Saturday, August 9, 2014

Those “not that muches” add up

Perhaps it comes with age. Fixed incomes come with aging. Gradually you become painfully aware of how easy it is for folks to take more money out of your pocket, making it sound so easy.

Older folks tell me they have the feeling younger folks “look through” them. The older you are, and we might add, the poorer you are, the less others notice you. Both groups are on relatively fixed incomes.

Whether its water or trash pickup rates, or another Cheyenne Light Fuel and Power Company rate hike, they’re all justified by the same argument. In each case, they take more money out of our pockets saying, “Ah, it’s not that much.”

All those “not that muches” add up, unless they’re “looking through” some people.

When the city recently raised water rates, the Board of Public Utilities said “it’s not that much.” They explained the increase would cost average residential customers “only” an additional $1.28 per month. Monthly sewer rates will go up about $1.41 for residential customers. That’s another $2.49 on average. Not that much right? But it’s not alone.

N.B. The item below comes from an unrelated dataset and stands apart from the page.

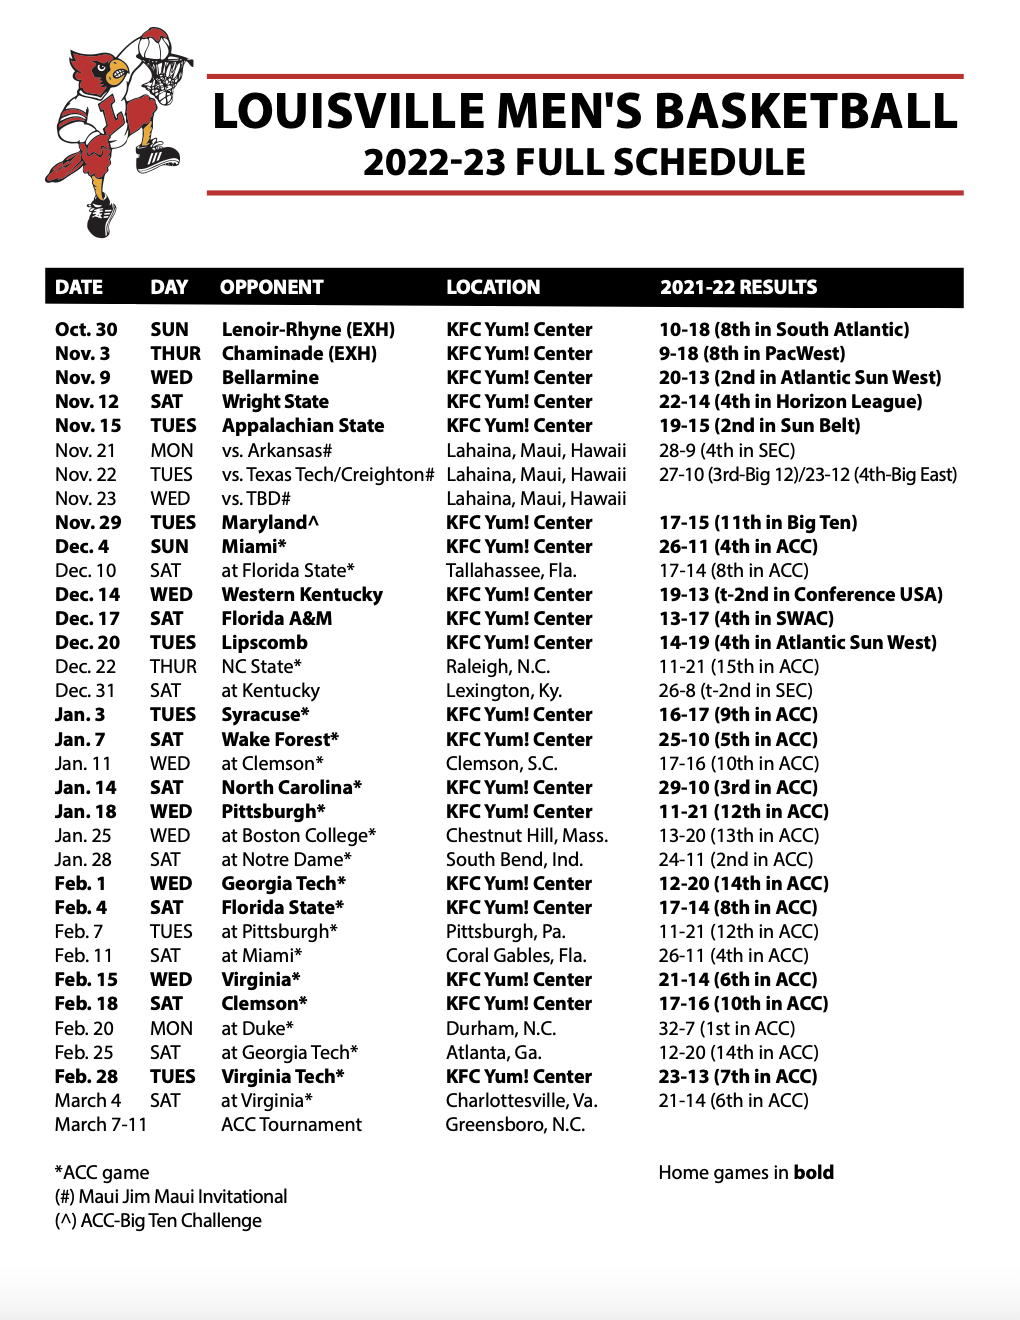 North Carolina vs. Louisville Men's Basketball Highlights (2021-22

There are also increased rates for commercial customers, which will also eventually come out of our pockets as costs are passed along. Commercial customers increases average $3.18 more per month for water, and $3.81 for sewer, combining for $6.99.

That brings the big board total to $9.48 per month.

Coming soon to a checkbook near you are also additional costs for trash services.

Just weeks after the City Council denied an increase, the proposal is back. Council members first wanted to see the results of a long-awaited study of the sanitation program. The study is in and it will provide the council with cover for reaching into our pockets for more than a little loose change.

If the rate increases recommended by the study were implemented, residential customers currently paying $20 per month would be paying more than $29 for the same services in 2019. 

That's a 45 percent increase over five years.

And here comes the argument that “looks through” us. The vice president of HDR, the consulting firm that conducted the study said, "The impact of the increases appears reasonable.” Gould added, "I suspect that it might not even be noticed (by customers). And if it's noticed, it wouldn't create affordability issues."

Easy for him to say, but let’s head on over to the big board. Add in additional monthly costs Gould says we won’t even notice to the additional costs we’ll see on our water bill, and the subtotal becomes $18.48.
Then there’s the ever-present Cheyenne Light Fuel and Power rate increases. CLFP asked the Wyoming Public Service Commission (PSC) to approve a 12.7 million dollar rate increase, which will add $10.41 per month to already-high residential electricity monthly bills in Laramie County.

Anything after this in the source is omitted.